# Was this flat rubber/EPDM Roof installed correctly



## mose (Mar 23, 2012)

Hello, hoping some of you may be able to take a few moments to offer some advise. 

I recently had my roof replaced and the roofers installed an EPDM flat rubber roof over my back porch. I noticed that there were several wrinkles/bubbles and am concerned that it may cause problem. The contractor said it will not be an issue, but I am reading mixed theories on various websites. The roof was installed in the winter, and it has started getting warmer out here in Minneapolis, so maybe this is normal. I am hoping someone can look at the photo set and advise if they think this looks ok or not. 

http://www.flickr.com/photos/mose/sets/72157629653004695/

Thank you,

-Mose


----------



## Jim F (Mar 4, 2010)

I am not a roofer, but since nobody else has replied I offer my opinion. At least it will give your question a bump and maybe get it noticed by somebody who can help.

I have one of these roofs on my garage and it does have a few wrinkles in it but not as severe as those. the wrinkles themselves should not cause problems unless they allow water tp puddle and even then the membrane will not let water through as long as the flashing is installed properly and all the seams are sealed. 

Having said that, I think this is a poor job at least from an asthetic point of view. How visable is this roof? On image 161 it looks like there is a large buckle in a place where it meets the wall that could let water in.

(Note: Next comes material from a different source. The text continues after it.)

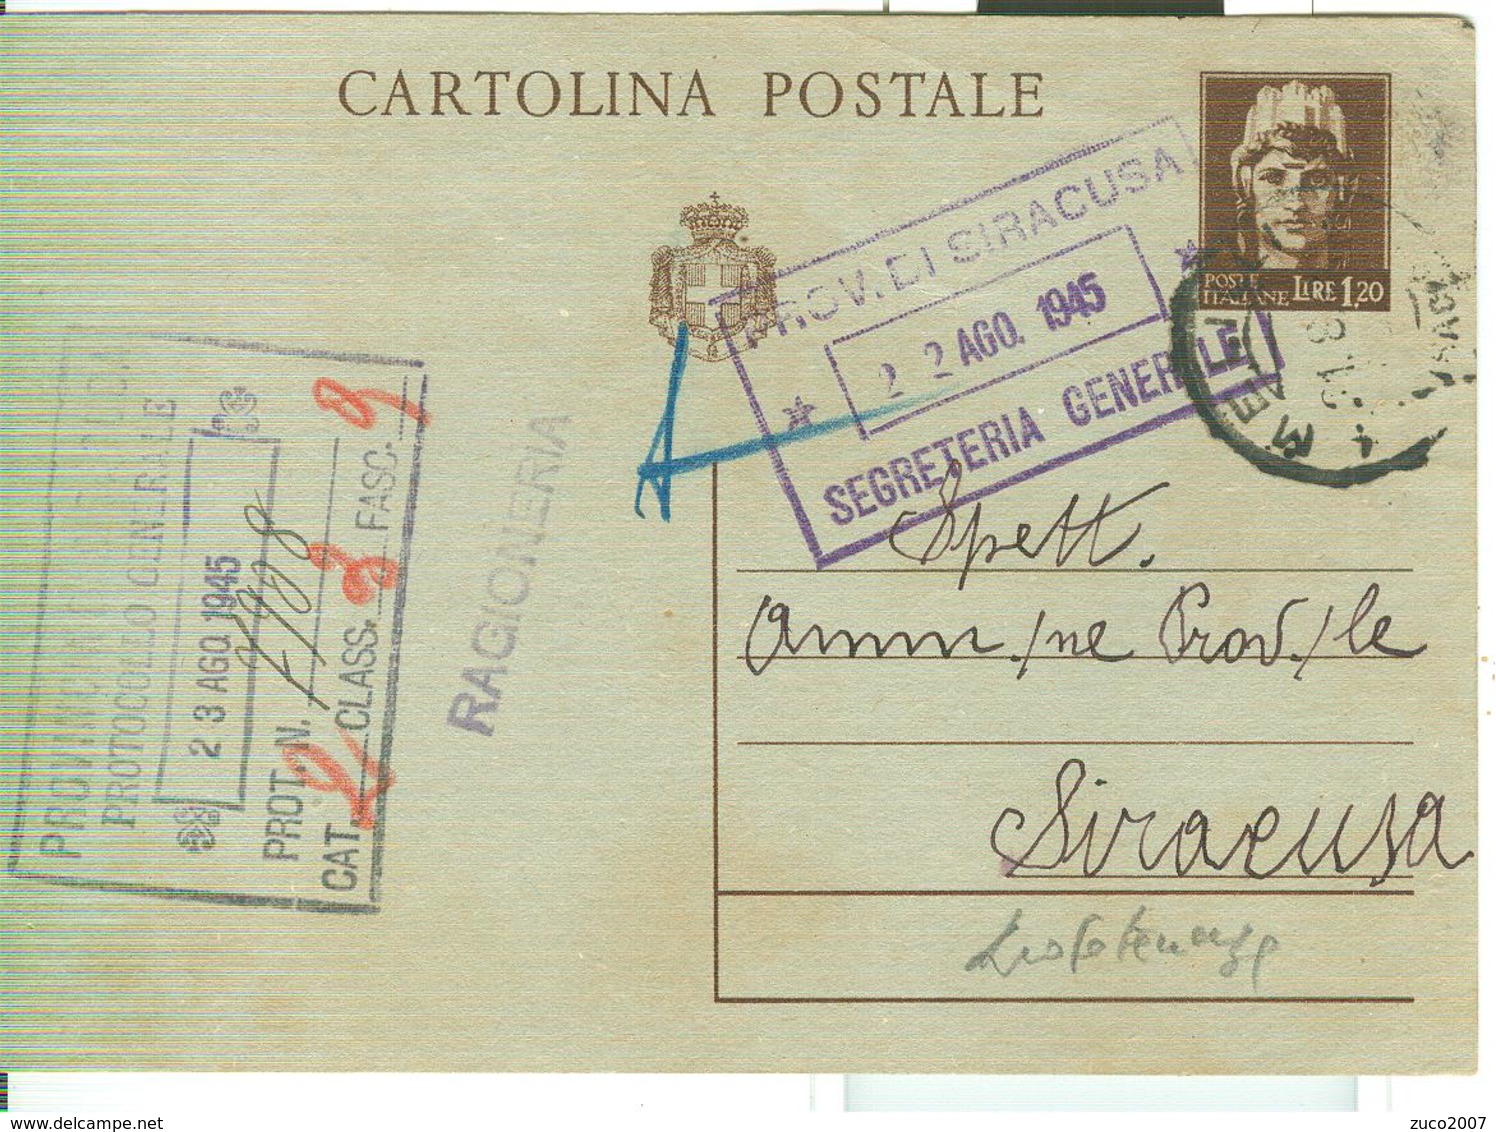 CARTOLINA POST. TURRITA CON STEMMA £ 1,20,TIMBRO POSTE MELILLI (SIRACUSA),1945,PER SIRACUSA, - Storia Postale

It also looks like there should be some flashing over the membrane where it meets the wall and not just flashing under the membrane.


----------



## tinner666 (Mar 14, 2005)

That's not cover tape on the drip edge. That's just cut strips of EPDM. There are gaps between the strips and the field sheet. Cover strip should go all the way to the outer edge of the drip edge. Not stop 3" shy. And the drip edge was supposed to have been caulked with water-stop between the two pieces of metal, inside the joint. That'll leak if it isn't already leaking.
In the last pic, it looks like the roofed over gravel. Are those dimples all over the place?

Last, but not least, they used cheap .045 which is mnainly good for temporary tarping of tools and material. .060 reinforced would have been the way to go. I think this roof will fail. Just a question of when.


----------



## OldNBroken (Jun 11, 2008)

Was definitely not a real roofer that installed that. Hope you didn't pay someone to do that to you.


----------



## Roofmaster417 (Jun 9, 2010)

I guess the rolling the material was not utilized.That is bad.Tinner hit my replies.

Btw.,that looks like banana creme cake frosting. :laughing:


----------



## AtlanticWBConst. (May 12, 2006)

HACK job. Guy had no clue what he was doing who did that.


----------